По территории Туркмении поезд шел по живописной долине вдоль границы с Ираном, за которой высоко вздымались заснеженные вершины гор. Дальше начались песчаные пустыни, среди которых поезд следовал почти до Ташкента. Стало заметно холоднее, и ночевки на крышах пришлось прекратить.

В Ташкенте наш эшелон отцепили от поезда и загнали на запасные пути. Здесь мы застряли на несколько дней.

Нам устроили баню и санобработку, мы получили рейсовые карточки. Они содержали талоны на хлеб (600 граммов в день), на крупу, мясо– и рыбопродукты, животное и растительное масло, сахар. Получать в пристанционных магазинах в дальнейшем оказалось возможным только хлеб. Остальные продукты отсутствовали, талоны остались неиспользованными, и мы продали их на рынке уже в Казани.

В Ташкенте на вокзале я увидел знакомую форму Ростовской артиллерийской спецшколы. От ее носителя узнал, что учащихся школы еще до первой оккупации Ростова куда-то вывезли, затем из старшеклассников срочно сформировали артдивизион противотанковых пушек и отправили на фронт, возможно под Сталинград, где вряд ли кто-нибудь из них остался в живых. Там, вероятно, погиб и мой школьный друг Олег Шиманович.

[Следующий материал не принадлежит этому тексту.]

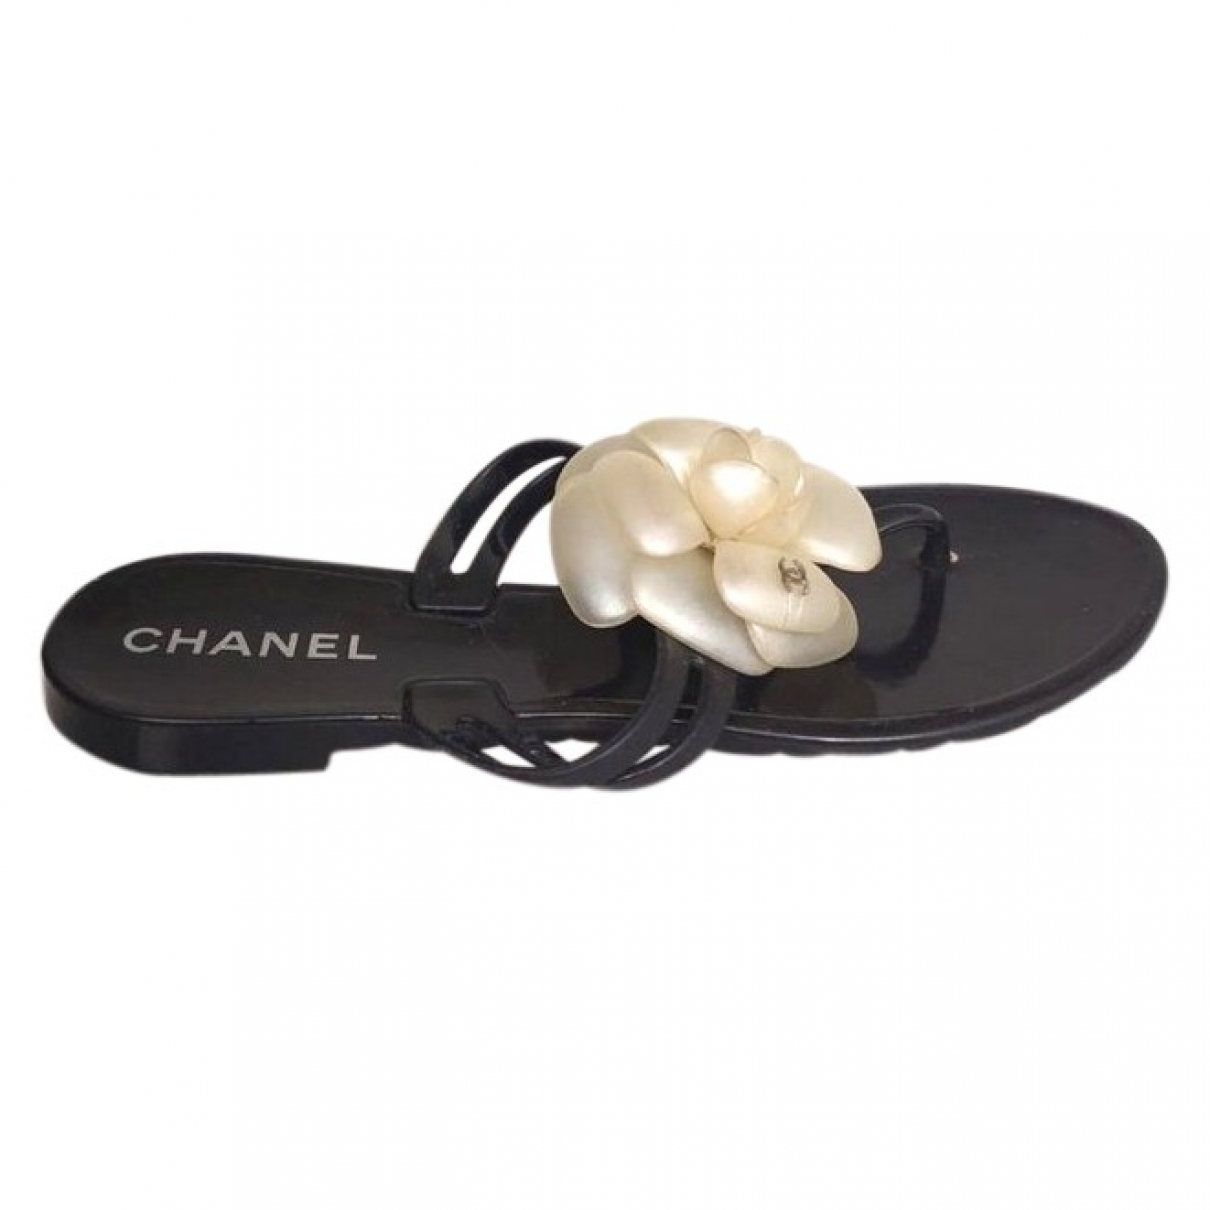 Chanel \N Black Sandals for Women 36 EU

Здесь мы впервые отстали от поезда.

Обнаружив, что рядом в одном из тупиков стоит пустой незапертый пассажирский вагон, наша троица (я, Ким Якуб-оглы и Вадим Сендеров) устроились в нем на ночь, предпочтя его нашей переполненной и душной теплушке. А утром увидели, что нашего эшелона уже нет.

Дежурный по вокзалу направил нас в диспетчерскую товарной станции, где после нелегких переговоров нам сообщили, что эшелон наш ушел четыре часа назад. Догоняйте, как сможете…

Стали расспрашивать рабочих – составителей поездов, какой состав отправится раньше. Кто-то посоветовал попробовать пристроиться к «литерному» поезду, состоявшему из 5–6 пассажирских вагонов и ресторана. Он должен был вот-вот отправиться, и ему был открыт «зеленый» путь.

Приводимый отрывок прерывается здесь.